[Task item]: Print the listing in its entirety and exactly, leaving out images.

[Information shown]:
****
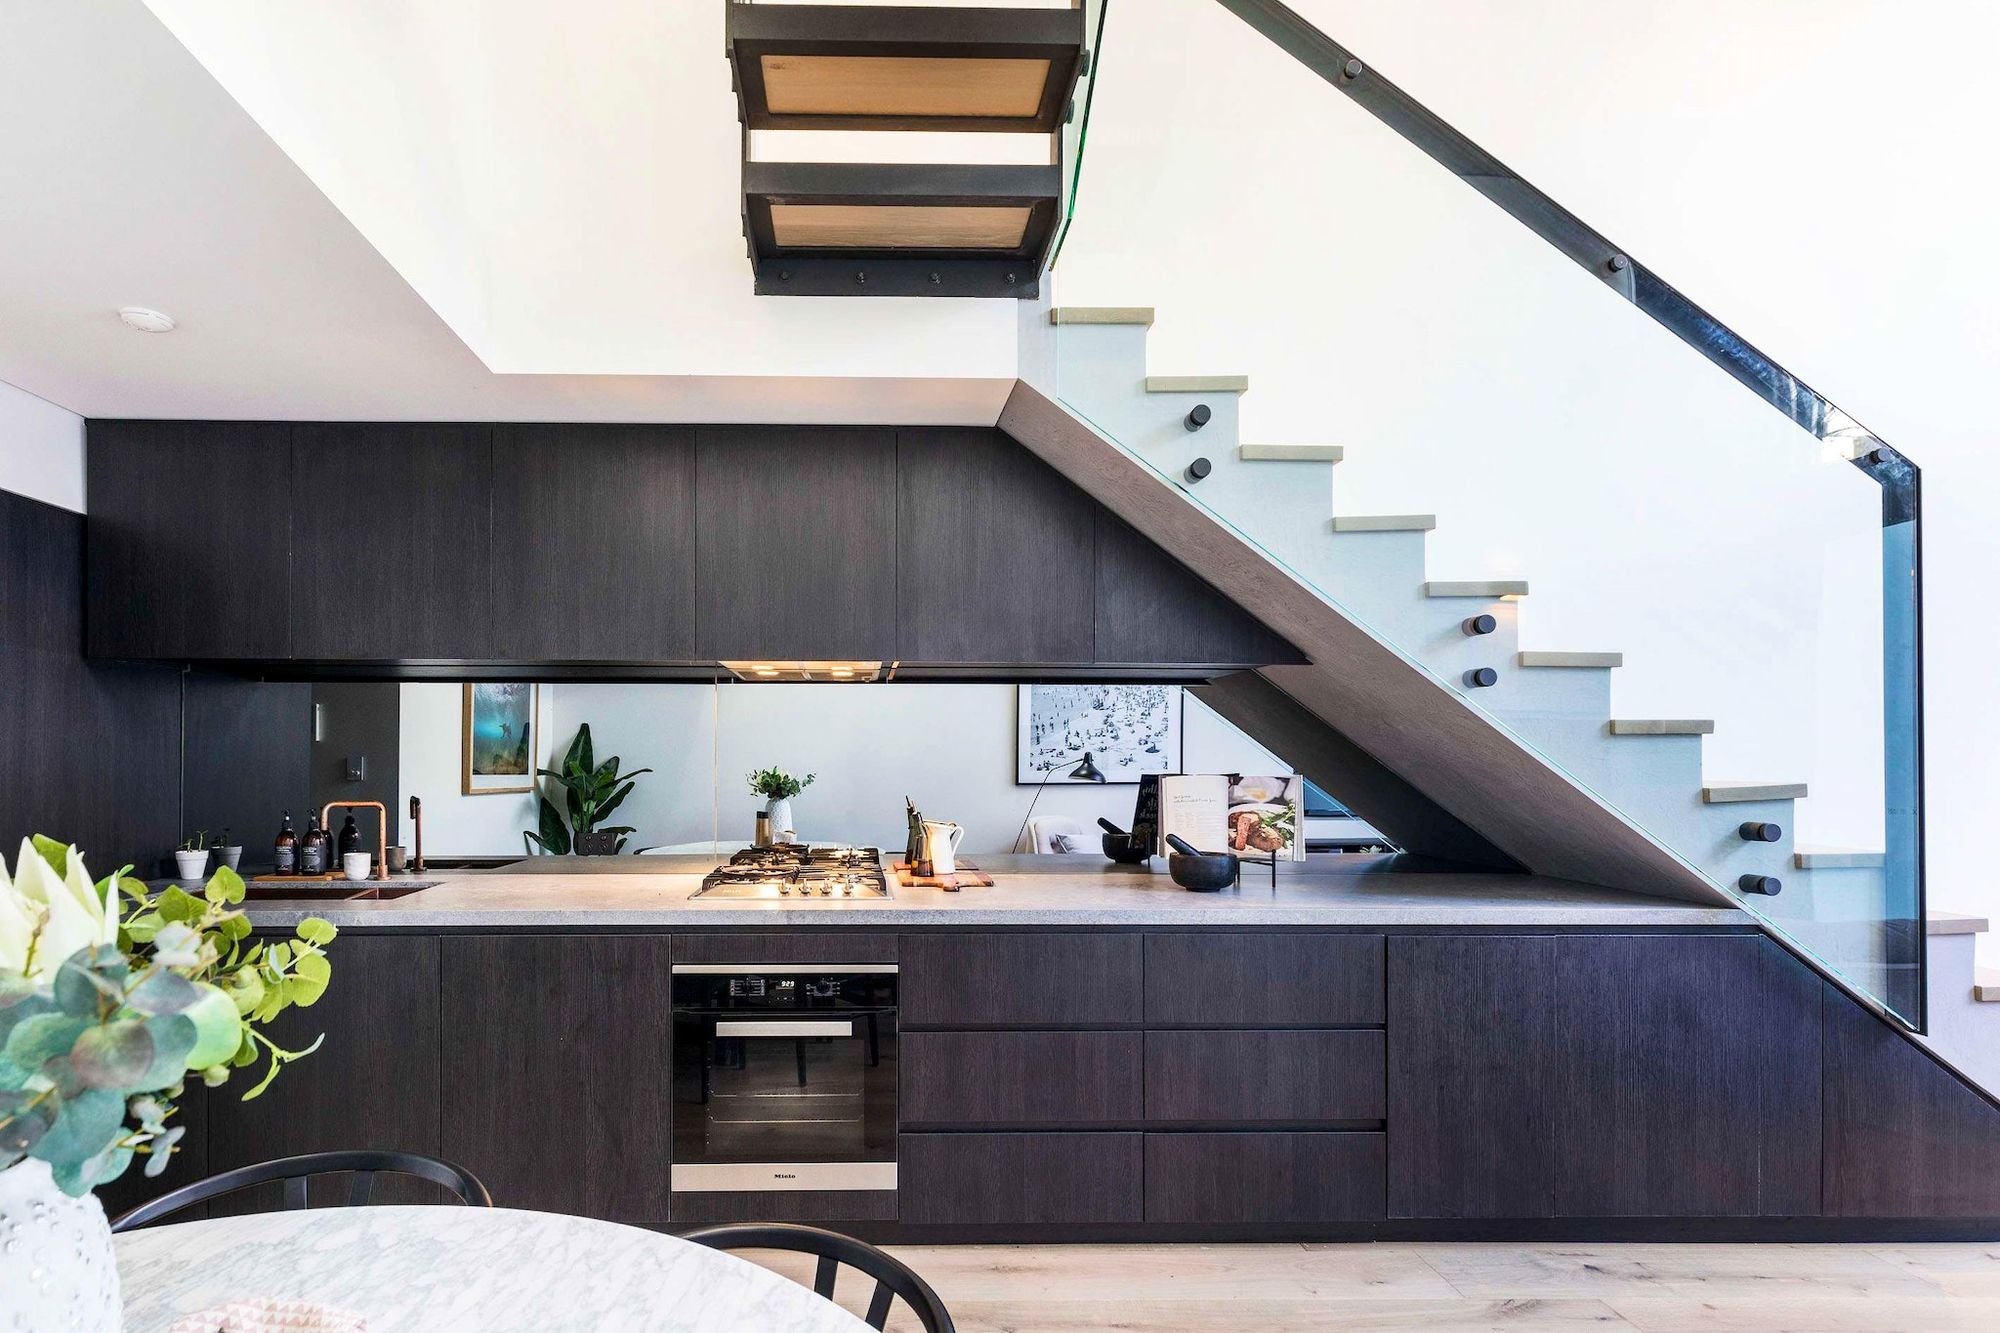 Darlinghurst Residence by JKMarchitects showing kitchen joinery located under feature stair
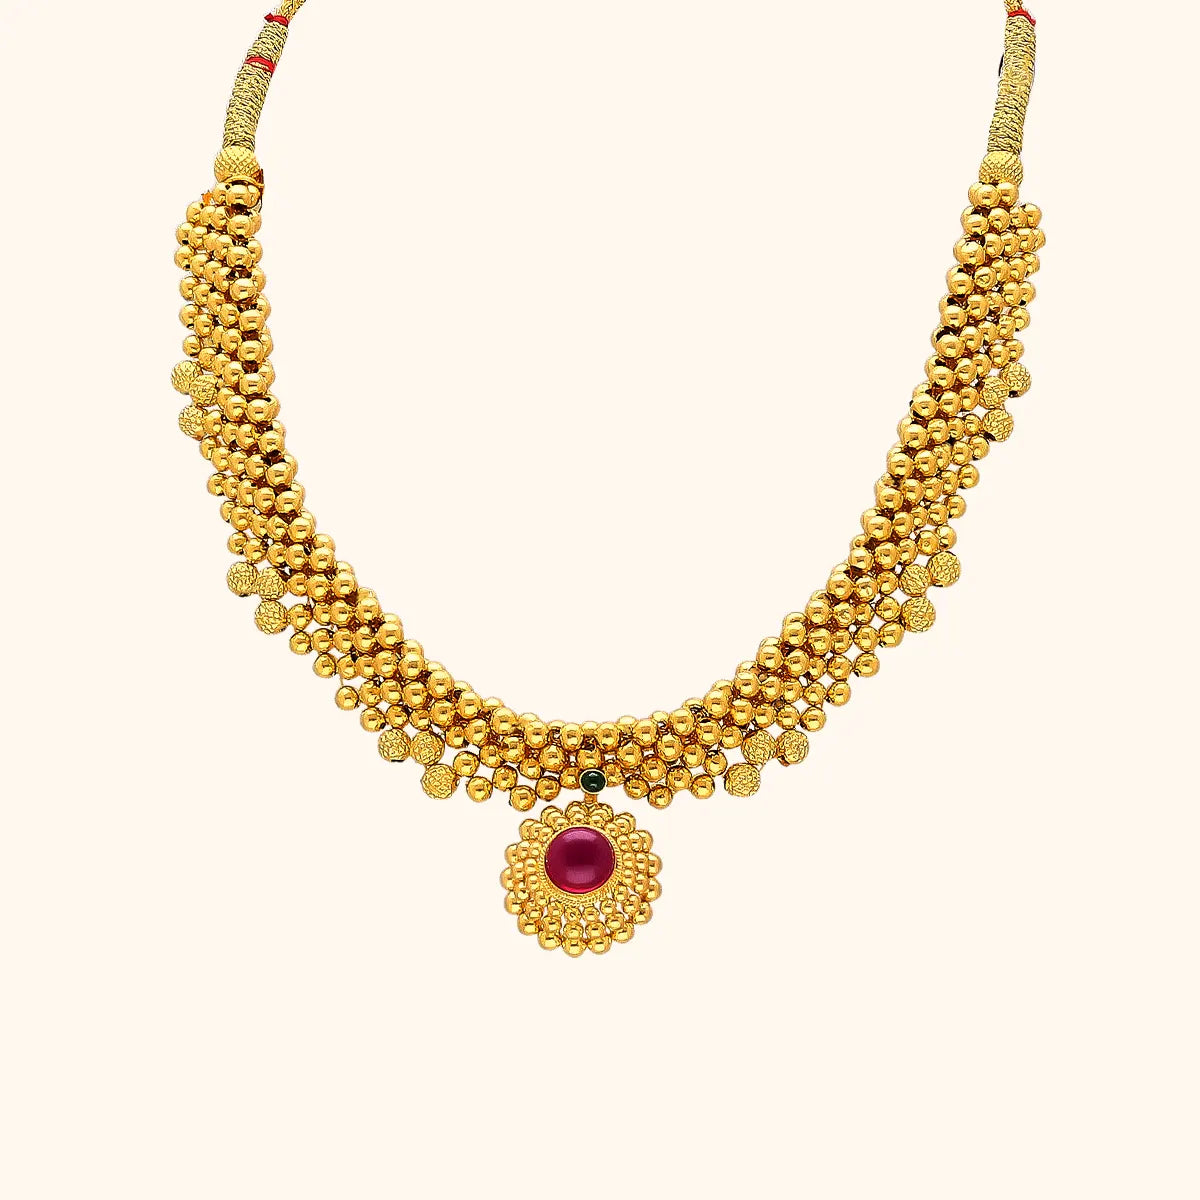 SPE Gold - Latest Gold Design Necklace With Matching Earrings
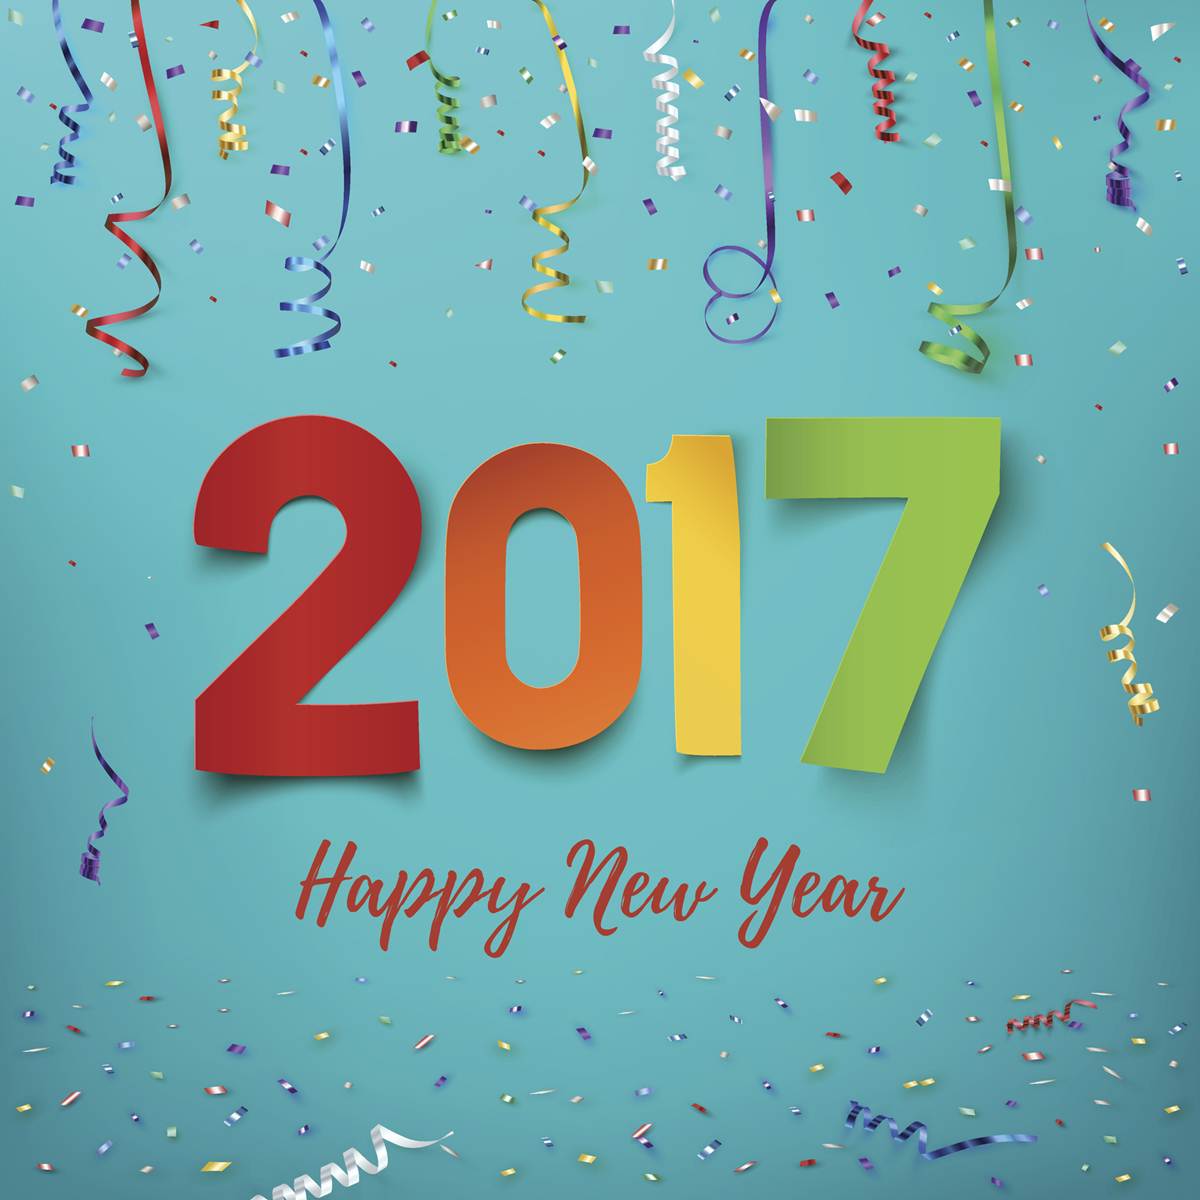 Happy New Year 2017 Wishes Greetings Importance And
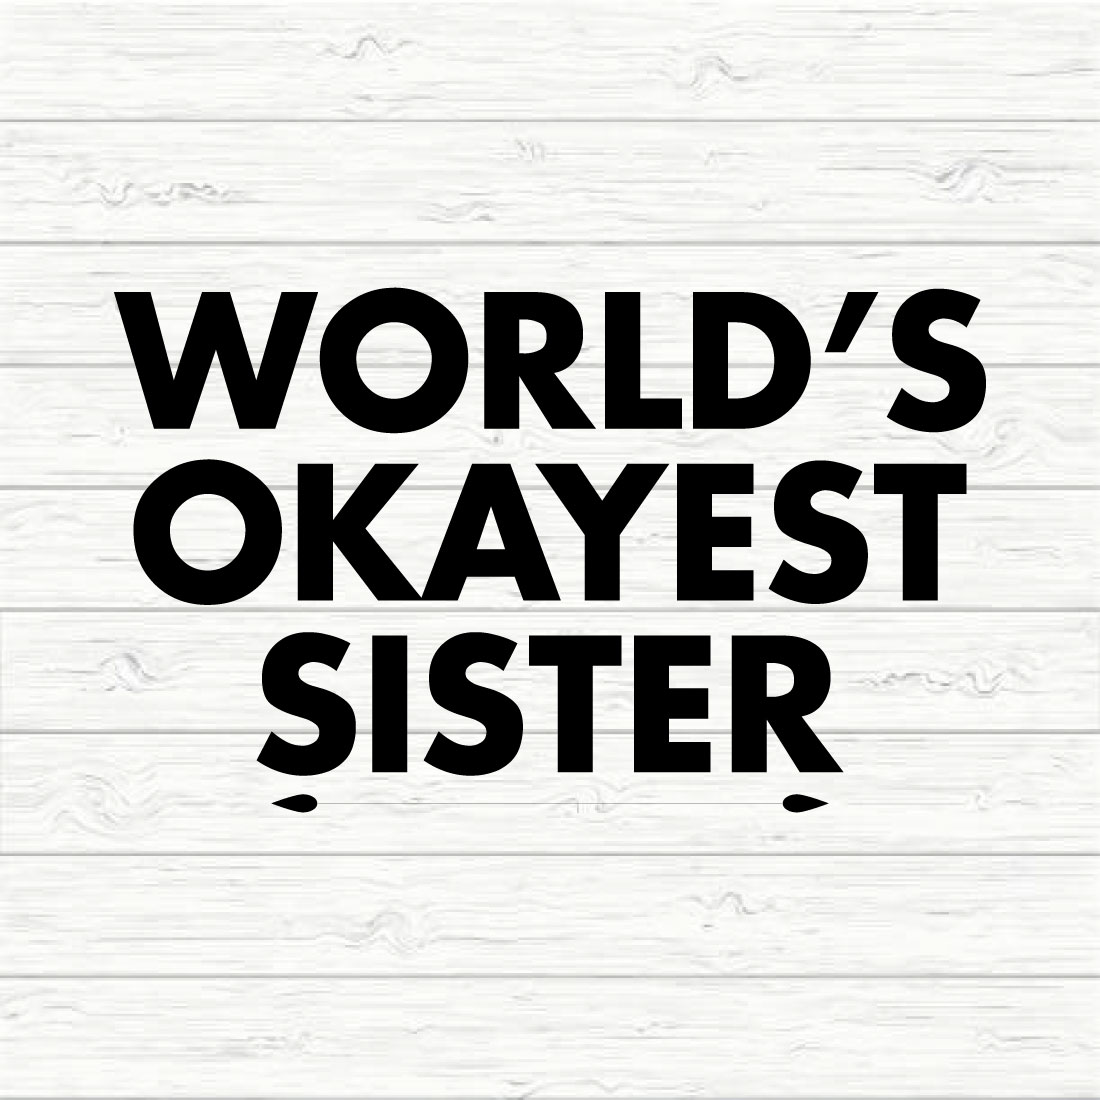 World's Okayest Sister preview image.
****
[Result for this task]:
 Darlinghurst Residence by JKMarchitects showing kitchen joinery located under feature stair
 SPE Gold - Latest Gold Design Necklace With Matching Earrings
 Happy New Year 2017 Wishes Greetings Importance And
 World's Okayest Sister preview image.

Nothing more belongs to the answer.